Another election contest, another poll bust, right? Not really. We tend to remember big misses far more than pollsters got it right—in past elections, the polls were pretty accurate. But the truth is that in this case the failure is too great to be left without analysis. And I believe that the analysis inevitably leads to proposals for more transparency in the survey industry.
Forgive the personal tone, but as a sociologist with almost twenty years of experience in experiments and research on human behavior, I am in two boats: like everyone else, I studied the material provided to us by sociological companies with interest, but I am also on the side of poll production, especially that our research team conducted a survey in Greece these days on a sample of more than 1,000 people.
The first task of a good opinion poll is to provide a reasonably representative sample. Without going into technical details, I think survey companies are used to this, and outside of particularly difficult populations, they know where to look for people. In our own studies, the distribution by sex, age, and place of residence that we collected was quite close to the official census data.
The second problem is that, of course, people do respond, and this is where a possible measurement error comes in, because it’s possible that party supporters (as Alexis Tsipras argues) are less likely to respond to polls.
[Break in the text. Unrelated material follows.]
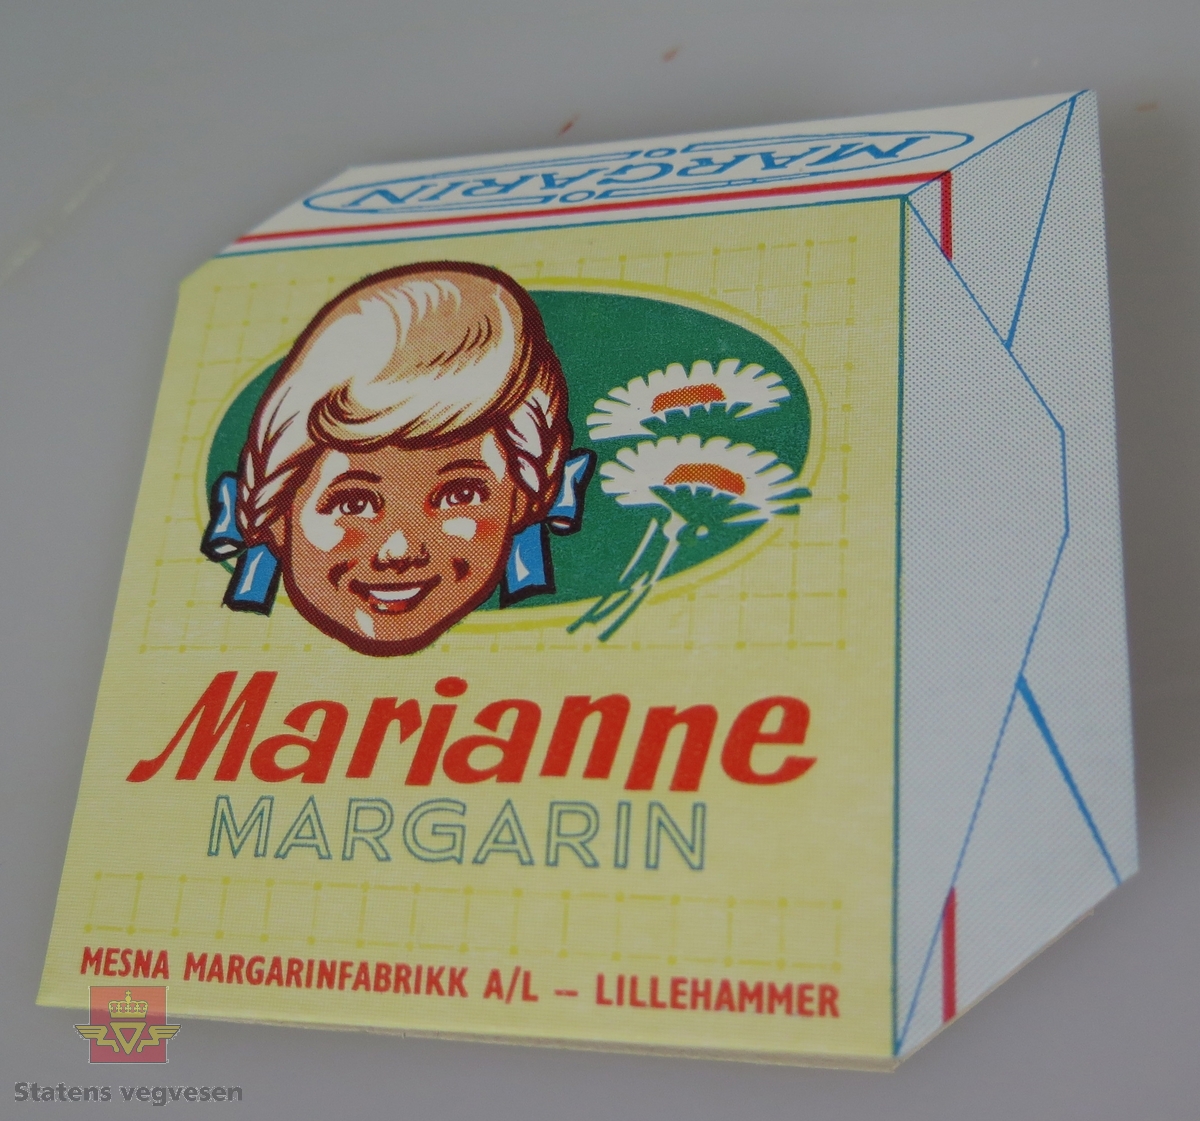 7 synåler og en nåletreder. Alt er festet til et brett av papp. Emballasjen (brettet) har reklame for Marianne Margarin fra Mesna Margarinfabrikk.

The third problem is that they answer honestly, which is especially problematic if the party faces social stigma (for example, neo-Nazis).
The fourth and final task is to make educated guesses about who will vote! In the United States, for example, it is known that certain groups of the population have a lower propensity to vote and also tend to support one party or another. So with a naive poll, the party would get 50%, and with a vote only 40%.
To avoid all these potential errors, sociologists weight the sample. They do not show the final estimate of the gross figures obtained from the survey, but adjusted after appropriate analysis.
There were peculiarities in the recent elections in Greece. Unsuccessful claims by Katrugalos likely boosted the current in favor of the ND. in recent days (in our sample, this trend is statistically significant), especially among the undecided. But apart from that, it is very likely that sociologists made mistakes in weighing, the main reason for which was the fear of overreacting. I will try to describe step by step the thought process of the researcher in such circumstances.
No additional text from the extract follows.